Reynolds was in the island city for a screening of the documentary "The Bandit," a CMT original from filmmaker Jesse Moss, that was one of the highlights of the festival's fifth year. "The Bandit" explores the making of the unlikely smash hit, "Smokey & The Bandit," as well as 1970s superstar Reynolds and his best friend and stunt double, Hal Needham.
During the discussion with David Fear of "Rolling Stone", Reynolds reminisced about Needham handing him a script he had co-written for a film called "Smokey & the Bandit."
"I read it and I said, 'Hal, this is the worst script I've ever read in my life," Reynolds recalled. "And he said, 'Yeah, but will you do it?' and I said, 'Sure'."
Reynolds also spoke of the fun he had working on the film with cast mates including comedian Jackie Gleason, who he praised as a master of the vaudeville school of entertainment.
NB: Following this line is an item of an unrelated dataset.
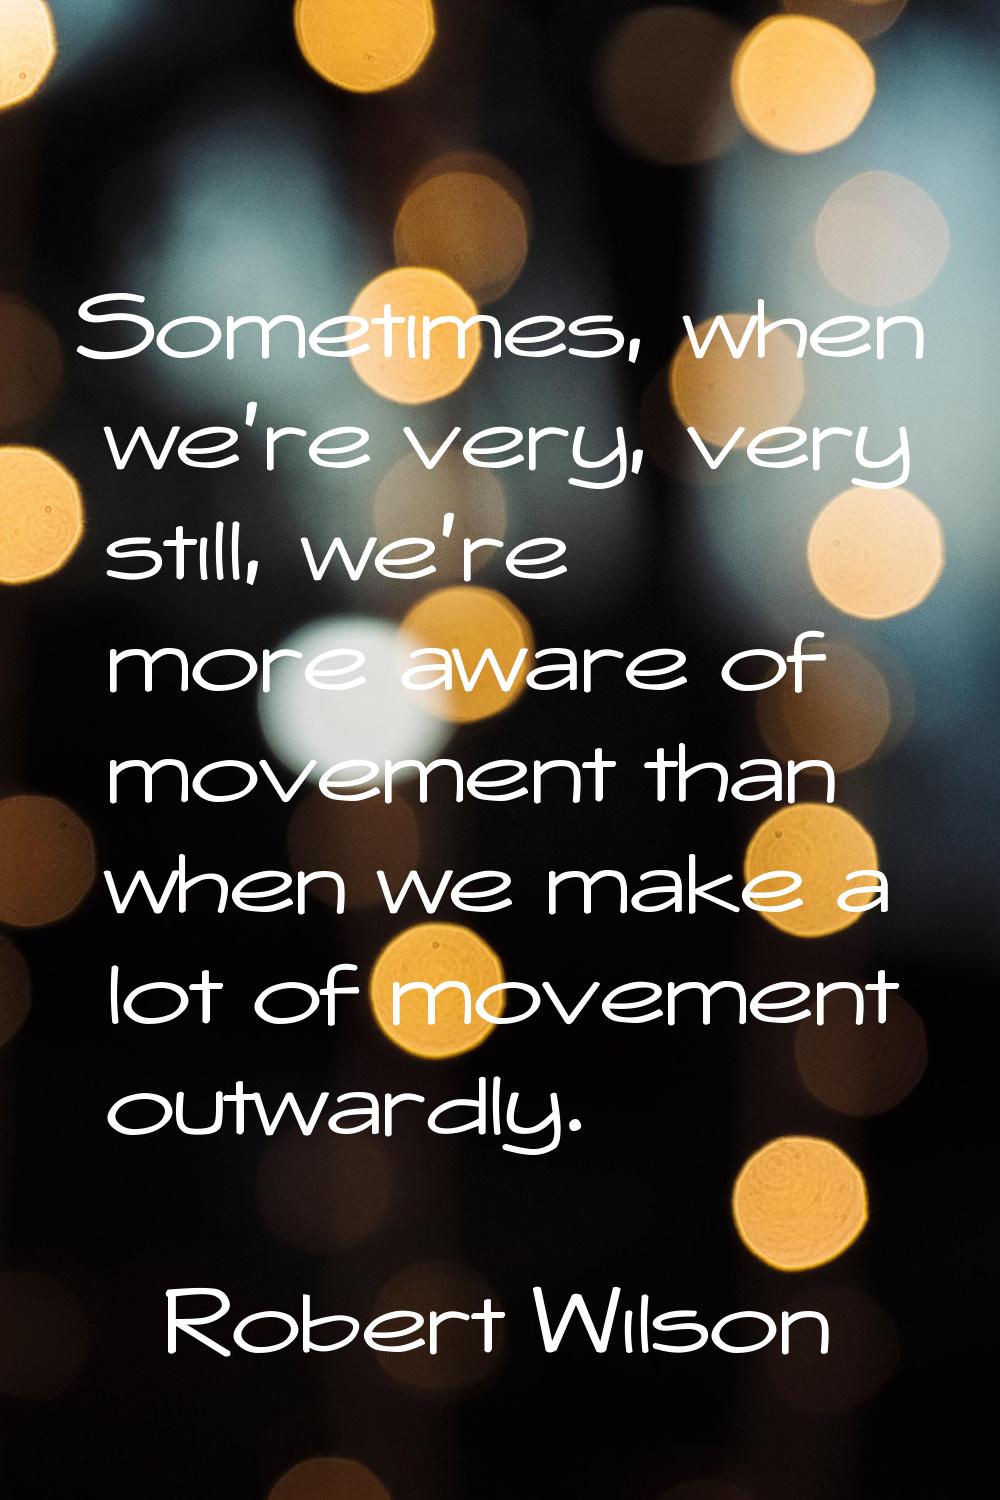 Sometimes, when we're very, very still, we're more aware of movement than when we make a lot of mov

"I never studied my lines, because he never said his lines," Reynolds quipped. "I never knew what he was going to say, so whenever he stopped talking, I would just throw something in."
The Key West Film Festival continues through Sunday with afternoon and evening screenings, question-and-answer sessions with filmmakers and industry insiders, and the presentation of the second annual Brett Ratner Florida Film Scholarship to a Florida student filmmaker.
The Florida Keys News Bureau contributed to this report.